A paper published by Dr. Nora Volkow, director of the National Institute on Drug Abuse, examined brain scans of several meth abusers who, after 14 months of abstinence from the drug, had regrown most of their damaged dopamine receptors; however, they showed no improvement in the cognitive abilities damaged by the drug. After more than a year's sobriety, these former meth users still showed severe impairment in memory, judgment and motor coordination, similar to symptoms seen in individuals suffering from Parkinson's Disease.

Chronic abuse of meth can lead to psychotic behavior, including paranoia, insomnia, anxiety, extreme aggression, delusions and hallucinations, and even death.

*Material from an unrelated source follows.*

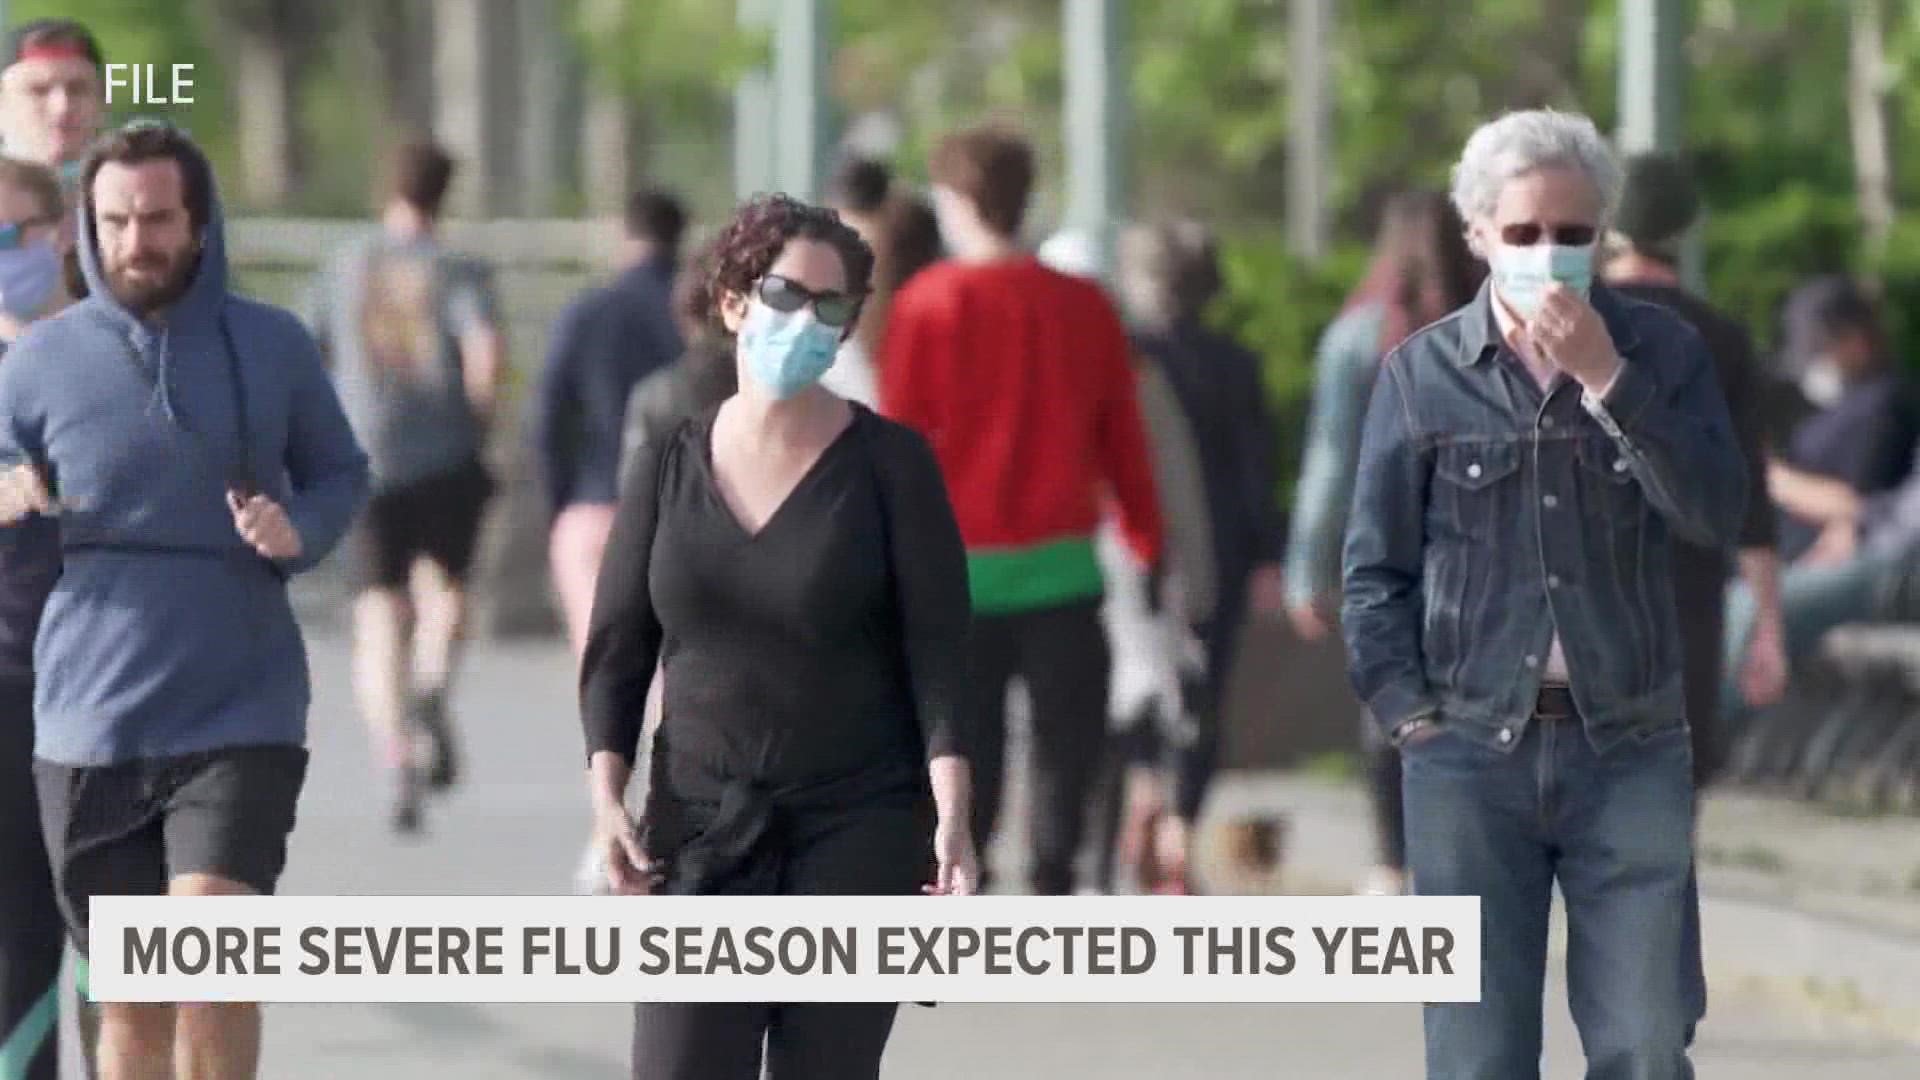 Different parts of the country are seeing an earlier and faster spread of the flu this year, with upticks in the south and on the east coast.

We, in the land of the living, shake our heads and wonder how anyone could become desperate enough to take crystal methamphetamine and risk becoming zombies enslaved in the horrible, debilitating addiction. I don't know, but I found "25 Reasons Why People Use Meth" from an ant-meth site at kci.org. The question was given to clients in conjunction with a local treatment facility. Here are their most popular answers:

1. The high. The most obvious reason.

2. The rush. Similar to #1, but more about the thrill as it hits you.

3. The euphoria.

4. The sense of power, or the sense of being powerful.

5. The SEX! For some, sex is synonymous with speed

6. The "freaky sex", going places you would never go without speed. Whatever that means to each of us!

7. The sexual endurance to "take it" longer, harder, faster than usual.

8. To be a bottom. Some guys claim they relax and enjoy receptive anal sex more easily while on crystal meth.

9. To handle feelings of loneliness.

10. To relieve feelings of low self-esteem; such as not feeling worthy of relationships, or other factors that affect self-esteem.

11. To relieve boredom.

12. To cope with depression.

13. The weight loss. Not recommended by any health plan! Crystal meth may curb your appetite. Stimulants like crystal meth cause increases in body temperature that burn more calories, too.

14. To dance all night. Or all weekend.

15. To make the most of leisure time, such as weekends.

16. To stay awake.

17. To help night people to be more like day people. Or day people to be like night people.

18. To relieve feelings of internalized homophobia ("straights" men who were outright homophobes, except when they used meth).

19. To ease social anxiety. Some people choose drug use instead of building or improving social skills.

20. To be part of the club scene.

21. To fit in with people when it seems like "everybody" is doing it.

22. To feel confident.

23. To some of us, crystal meth "brings you out of yourself."

24. To boost creativity or productivity at work, hobbies, art, etc.

25. To do housecleaning or other repetitive tasks.

(KCI The Anti-Meth Site. 1999-2015) 

Maybe with more knowledge about meth, we can fight this particularly ugly type of drug abuse more effectively. It is my hope that education will serve prevention. Opening eyes and minds to facts before dependency and addiction occur can save bodies and lives.